La cultura, que es decir “nadie” y “todos” a la vez (y no todos por igual sino los que tienen poder para designar). En tanto “bueno” y “rico” son criterios de valor y los valores acerca de que está “bien” y que está “mal” son situados (histórica y geográficamente) dependerán de la relación de ese grupo de comensales con su ambiente (mediatizados por la tecnología de explotación de los productos y de preparación de esa comida) de la organización social de la distribución y de los valores que legitiman que algunos (géneros, edades, clases, sectores, funciones, etc.) coman más y otros menos. Estos fenómenos ligados a la estructura producen relaciones sociales que cristalizan en comidas diferenciales. La “comida de pobres”, los “platos femeninos” o la “alimentación infantil”, son categorías naturalizadas (por la posición social, por el género o la edad, que esconden estos fenómenos de estructura que legitiman el reparto diferente según la situación del comensal).

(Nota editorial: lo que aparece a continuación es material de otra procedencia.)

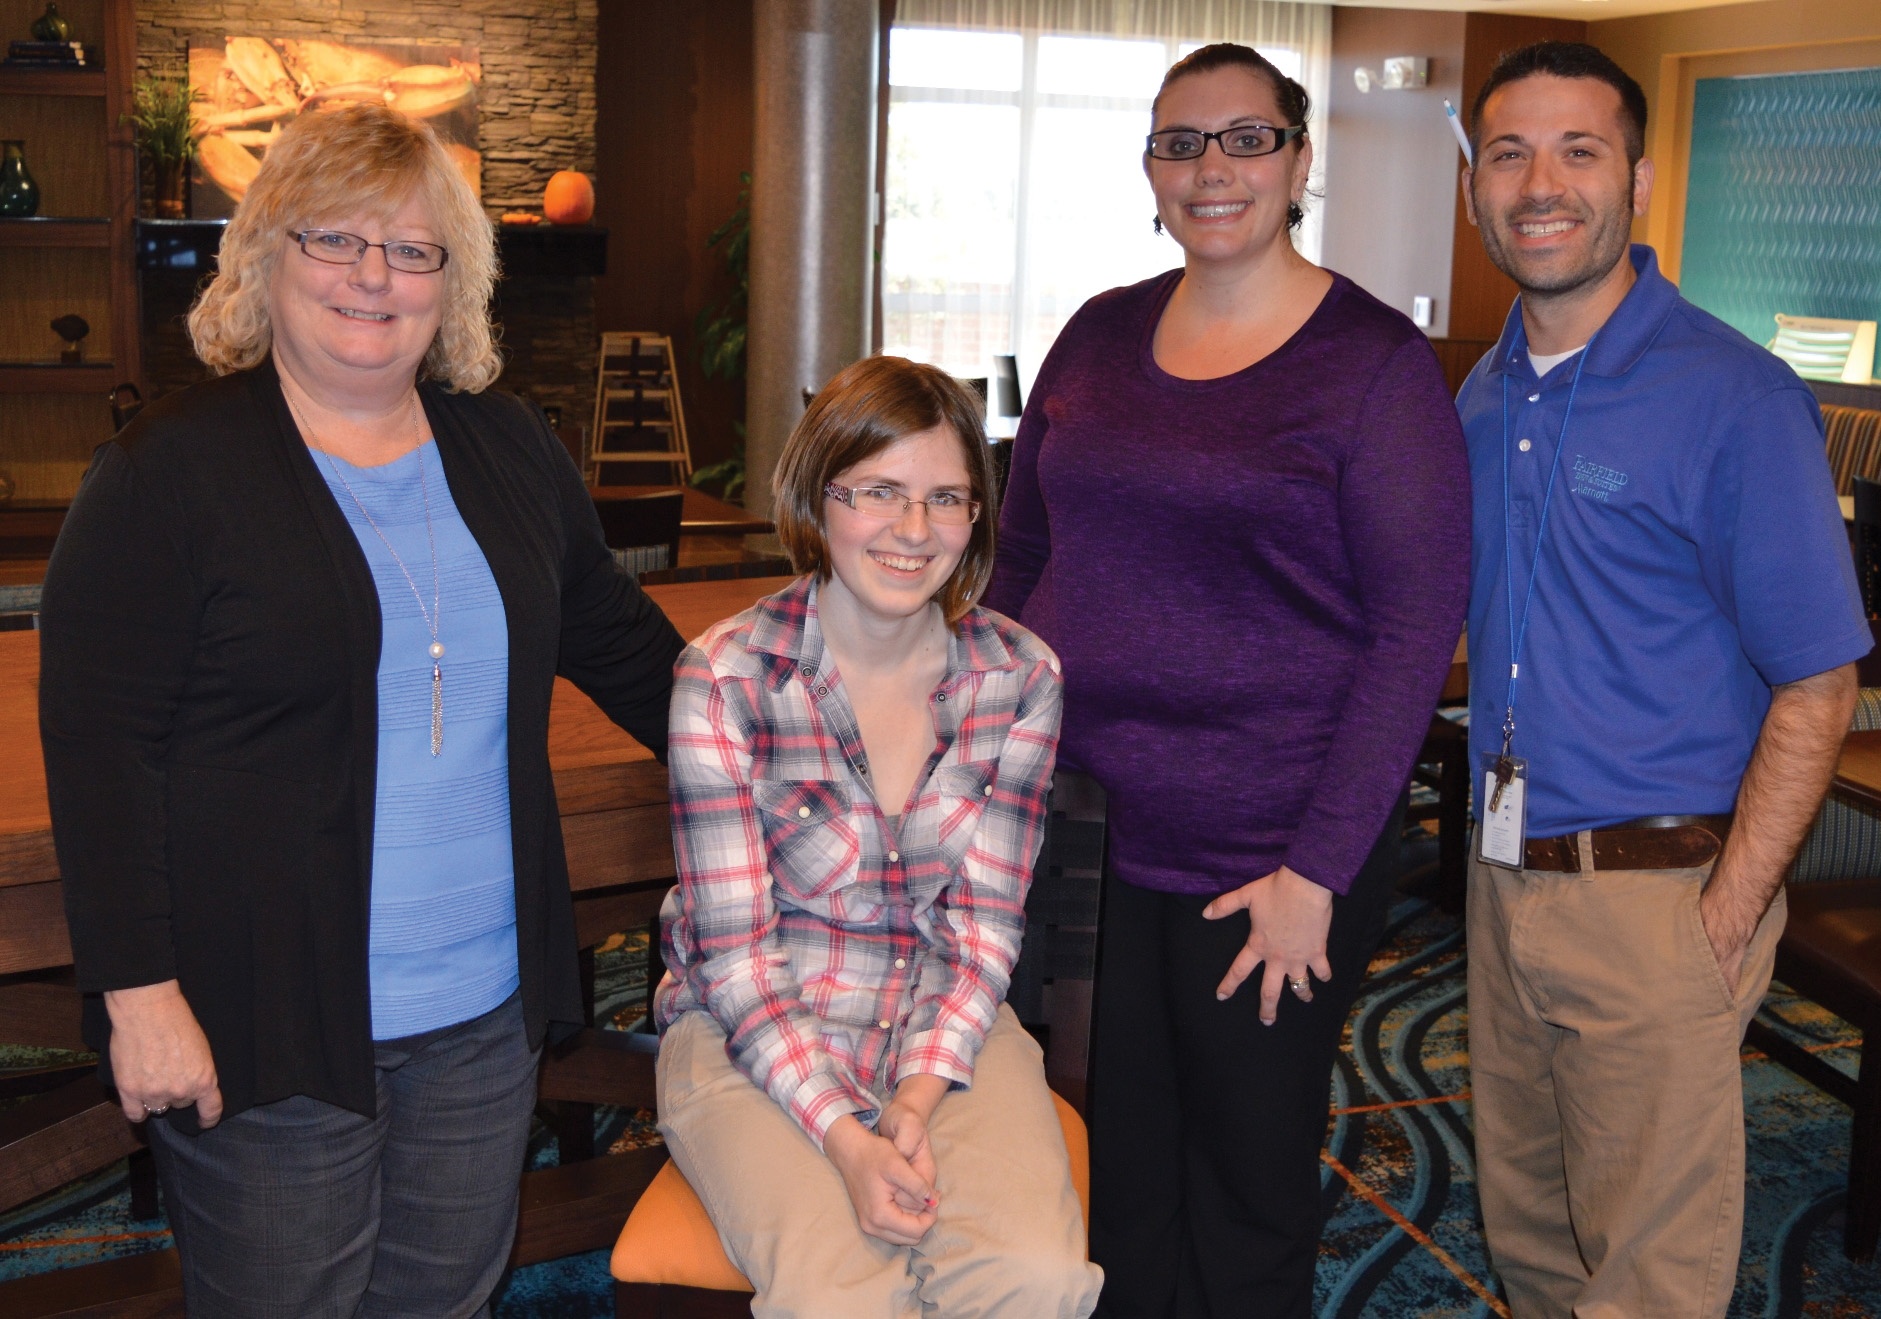 Fairfield Inn employees with Hospitality Program Graduate Abby.
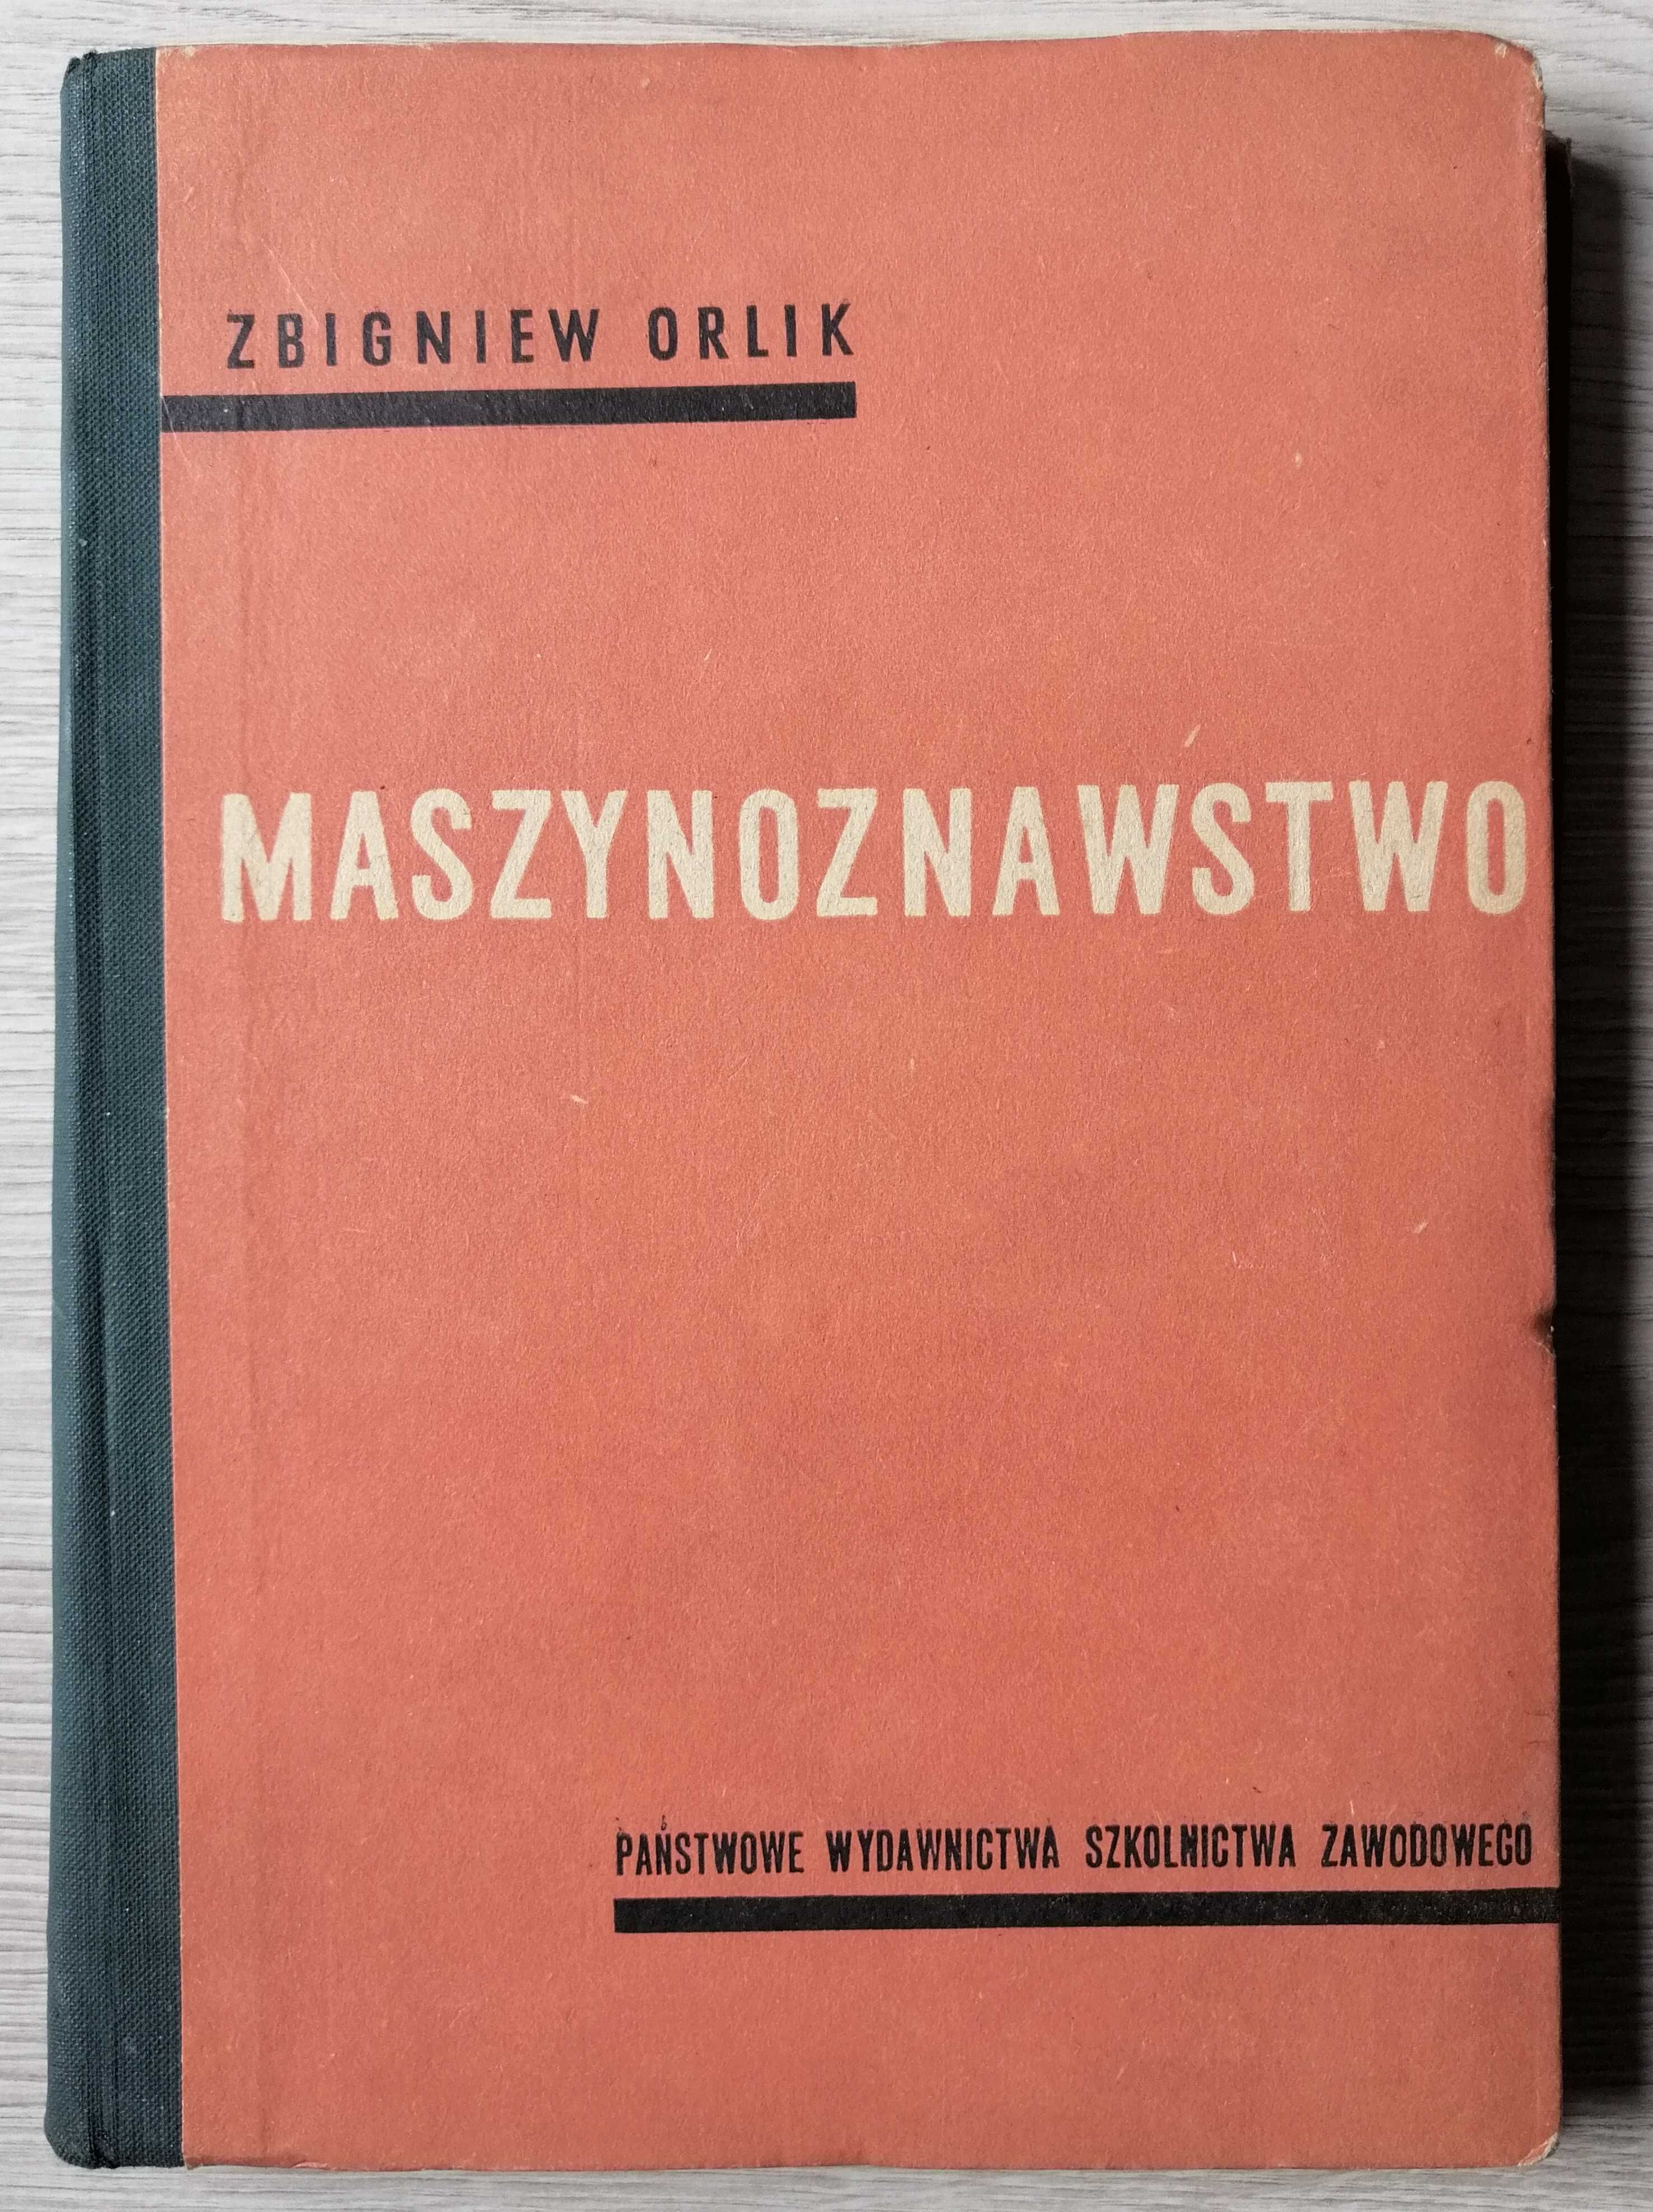 Zbigniew Orlik Maszynoznawstwo

Asimismo no conozco pueblo donde coincidan “comida” y “comestible”. Siempre el abanico de lo “comestible” (en sentido de metabolizable por el organismo) es más amplio que lo que ese mismo grupo llama “comida” (es decir aquello socialmente aceptado para la alimentación por un grupo determinado y que importa procesos de producción, elaboración, distribución y consumo colectivos).

En este sentido el saber académico no salda la cuestión, más allá de su pretensión de objetividad, nuestras ciencias también estas atravesadas por la organización simbólica de nuestro espacio y nuestro tiempo y “sin querer” legitiman como saludable las características más deseables o más frecuentes en los sectores dominantes de la sociedad.

Una cosa interesante que se está produciendo hoy día es la multiplicación de los saberes legítimos que dicen qué y quien debe comer qué. En las culturas del pasado a lo sumo había dos o tres discursos acerca de la comida (el de la baja cocina, hogareña y femenina organizada alrededor de la supervivencia, el de la alta cocina organizado en torno a la política del hedonismo, y el discurso sanitario ligado a la salud), pero hoy en las sociedades urbanas, industriales, de esta modernidad tardía, la capacidad de nominar lo que hay que comer y los valores para fundarlo son muchos y diversos.

Hoy conviven los grandes cocineros que nos enseñan como comer rico para disfrutar de la vida, al mismo tiempo que el sistema médico que nos enseña como comer sano para sobrevivir a las enfermedades prevalentes, y las ecónomas que nos enseñan como comer barato para que lleguemos a fin de mes, junto a la industria que nos enseña como comer rápido, precocido, desgrasado y envasado, todos codo a codo con la cocina porteña que nuestras abuelas solían preparar y que marca nuestro gusto y pertenencia.

“Un día: se come rico, el segundo: sano, el tercero: rápido, en los feriados: tradicional y llegando a fin de mes: barato”

El comensal moderno se encuentra en el cruce de todas estas normas acerca del buen comer, todas valorizadas, pero habiendo tantas, simultáneamente, nos obligan a decidir individualmente ya que todas son valiosas y a la vez tienen lógicas excluyentes. Lo rico no tiene por qué ser es sano, ni barato, ni nuestro. O lo sano no siempre es barato, ni rico, ni rápido ni tradicional. La solución encontrada forma parte del problema y es pasar de una norma a otra. Un día: se come rico, el segundo: sano, el tercero: rápido, en los feriados: tradicional y llegando a fin de mes: barato. Es decir ninguna norma da razón del consumo, porque se pasa de una a otra, hasta no tener ninguna. Esta es la gastro-anomia del comensal moderno: comer sin coherencia, sin normas, sin códigos ni saberes compartidos acerca del buen comer.